20/06/2026
El conocimiento se volvió artificial.
Por: Ernesto Mora
Y tal vez esta sea una de las conversaciones más incómodas que debemos tener como profesionales.
No porque la IA sea mala.
Al contrario: bien usada, puede elevar la productividad, acelerar análisis, ordenar información y apoyar mejores decisiones.
El problema aparece cuando dejamos de usarla como herramienta y empezamos a usarla como sustituto del pensamiento.
Hoy muchas personas ya no preguntan para aprender.
Preguntan para no pensar.
No investigan.
Piden resumen.
No analizan.
Piden conclusión.
No contrastan.
Piden “la mejor opción”.
No construyen criterio.
Piden una respuesta lista para copiar.
Y ahí comienza el riesgo silencioso: la tercerización del juicio.
Según Microsoft y LinkedIn, el 75% de los trabajadores del conocimiento ya usa IA generativa en el trabajo. La adopción se disparó.
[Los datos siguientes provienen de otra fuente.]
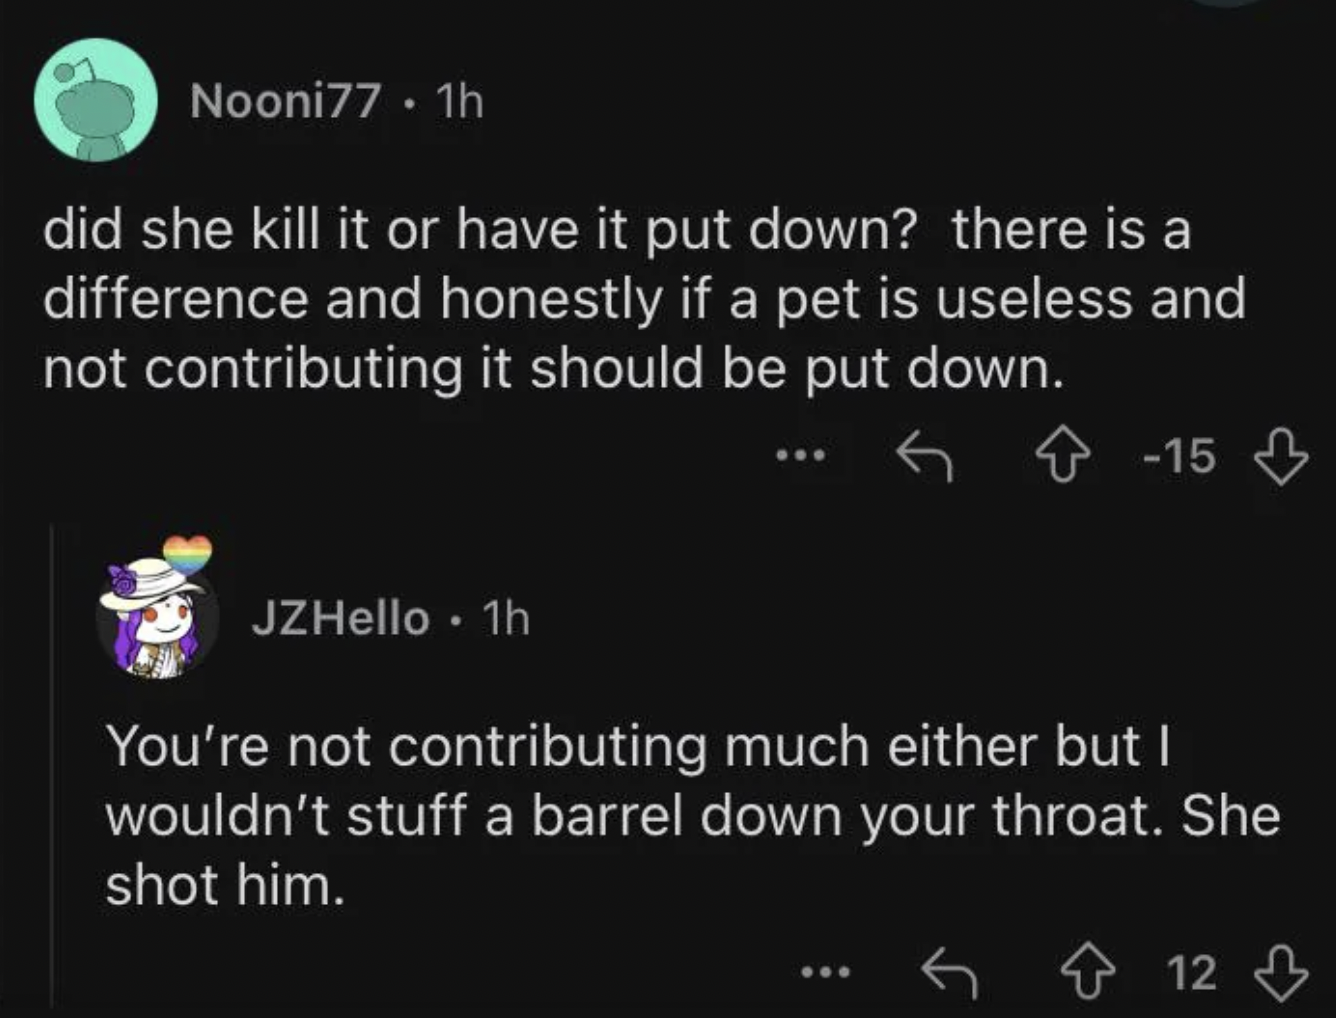 screenshot - Nooni77 1h did she kill it or have it put down? there is a difference and honestly if a pet is useless and not contributing it should be put down. 15 JZHello 1h You're not contributing much either but I wouldn't stuff a barrel down your throa

Pero la madurez no siempre creció al mismo ritmo.
Un estudio de Microsoft Research con 319 trabajadores del conocimiento encontró que el uso de IA generativa cambia la forma en que se ejerce el pensamiento crítico: cada vez más personas trasladan su esfuerzo a verificar, editar o integrar respuestas generadas por IA.
Y otro estudio reciente sobre “cognitive offloading” encontró una correlación negativa fuerte entre el uso frecuente de IA y el pensamiento crítico.
Dicho más simple:
cuando la IA piensa por nosotros demasiadas veces, el músculo del análisis se debilita.
Esto no empezó con ChatGPT. Años atrás ya se hablaba del “efecto Google”: recordamos menos la información cuando sabemos que siempre estará disponible en internet.
Pero ahora el salto es mayor.
Antes buscábamos información.
Hoy delegamos interpretación.
Antes consultábamos fuentes.
Hoy pedimos criterio.
Antes la tecnología nos daba acceso.
Ahora nos da respuestas con tono de autoridad.
Y eso exige una nueva responsabilidad profesional.
La pregunta no es si debemos usar IA.
Claro que debemos usarla.
La pregunta es:
¿la estamos usando para pensar mejor o para dejar de pensar?
La IA debería ser un espejo que desafía nuestras ideas, no una muleta que reemplaza nuestro criterio.